Boris Alexis Sagredo Romero (, born 21 March 1989) is a Chilean footballer that currently plays for A.C. Barnechea as an attacking midfielder.

Club career

Colo-Colo
He made his debut on October 3, 2007, against Everton.  His name became somewhat of a household name among Colo-Colo supporters after the November 4, 2007, match against rival Universidad Católica.  He came on in the 76th minute for Gonzalo Jara and just a minute later gave an assist to Giovanni Hernandez for the lone goal of the match.  Then in the second match after that, Sagredo scored his first goal for Colo-Colo against Palestino.

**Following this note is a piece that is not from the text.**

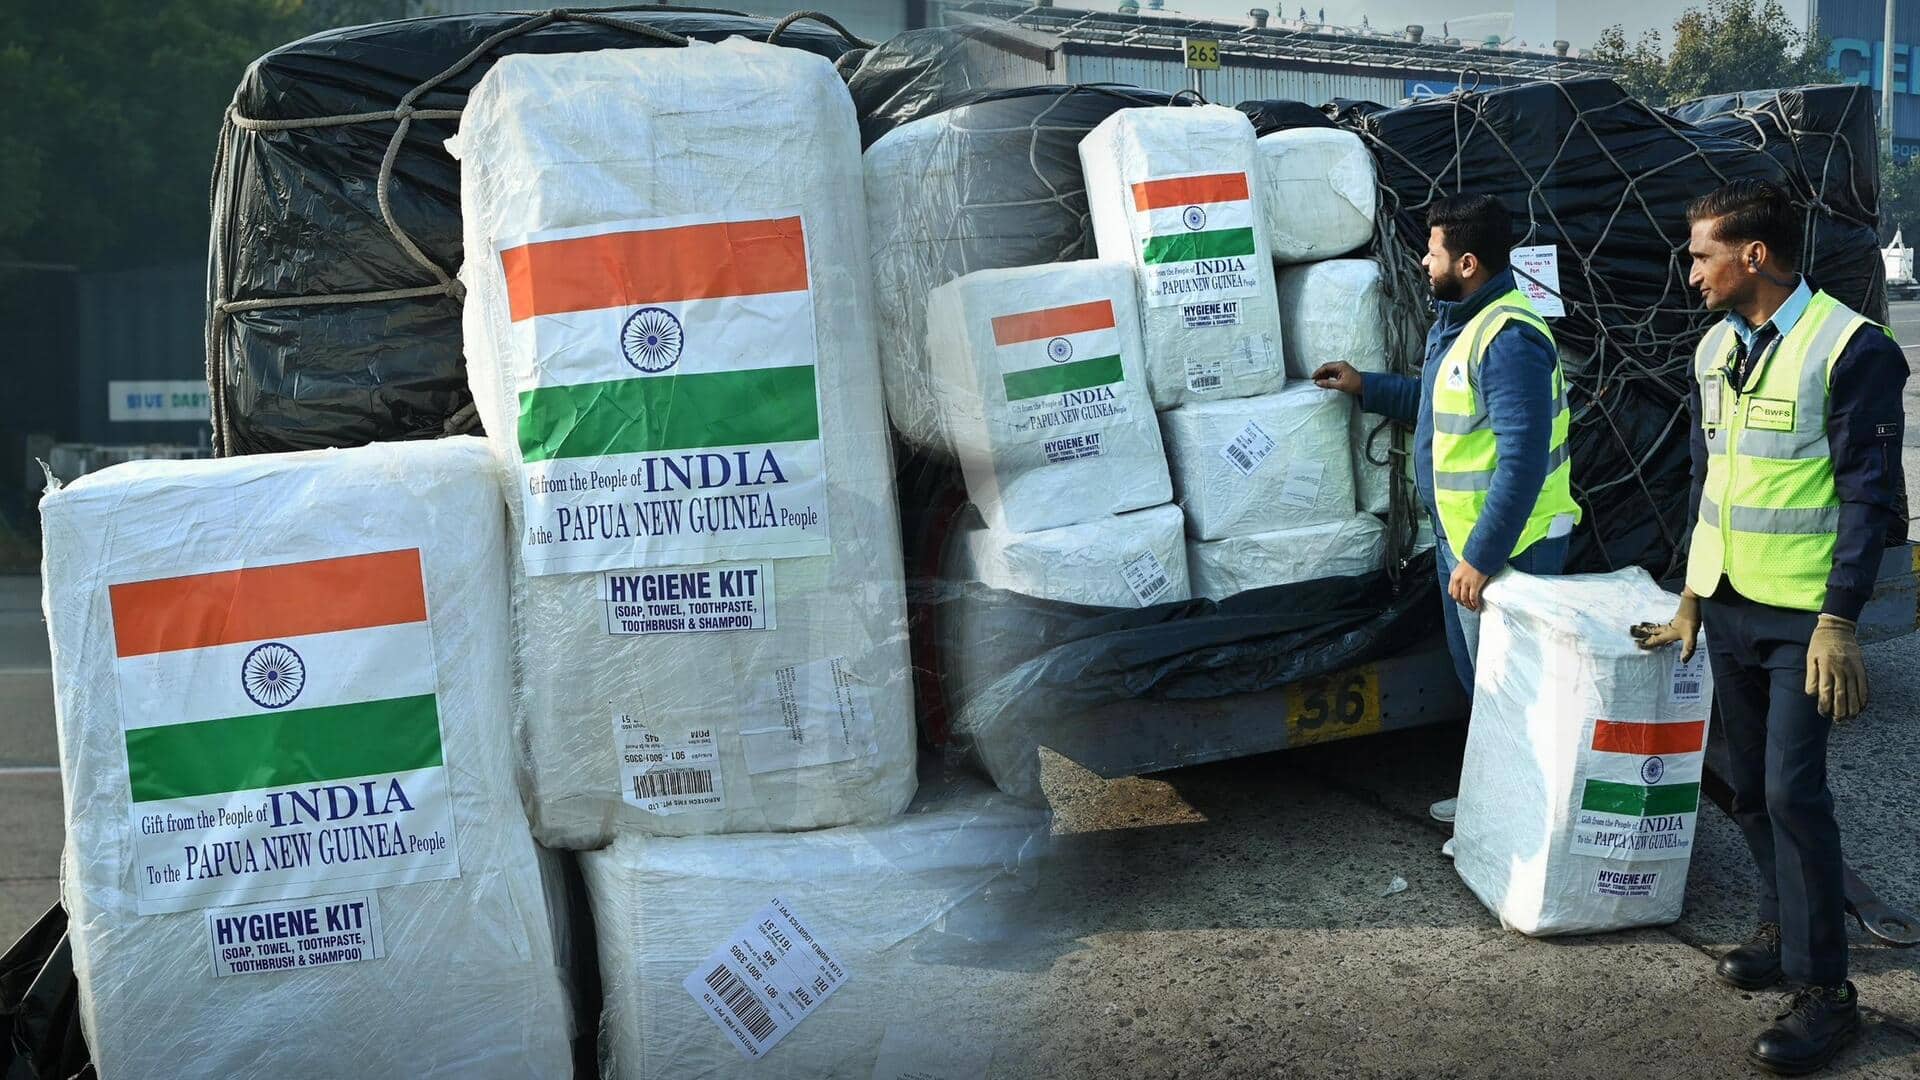 India sends Papua New Guinea relief supplies after volcanic eruption

Currently Sagredo is playing for the Chilean soccer team Palestino. Sagredo was moved to the club because frankly he did not fit in Astengo's large squad despite his incredible talent and speed, and the move was made on order to secure more playing time for the Chilean midfielder. Although Sagredo was disappointed with the transfer out of Colo Colo, he is still motivated to play football and hopes that one day he will move to a large club.

O'Higgins
In 2011, he was signed by O'Higgins.

International career
On February 19, 2008 Chile's U-18 squad took on Mexico's U-23 squad in an exhibition match.  Sagredo was ejected from the game in the '35 after receiving his second yellow card.  Chile lost 2-0.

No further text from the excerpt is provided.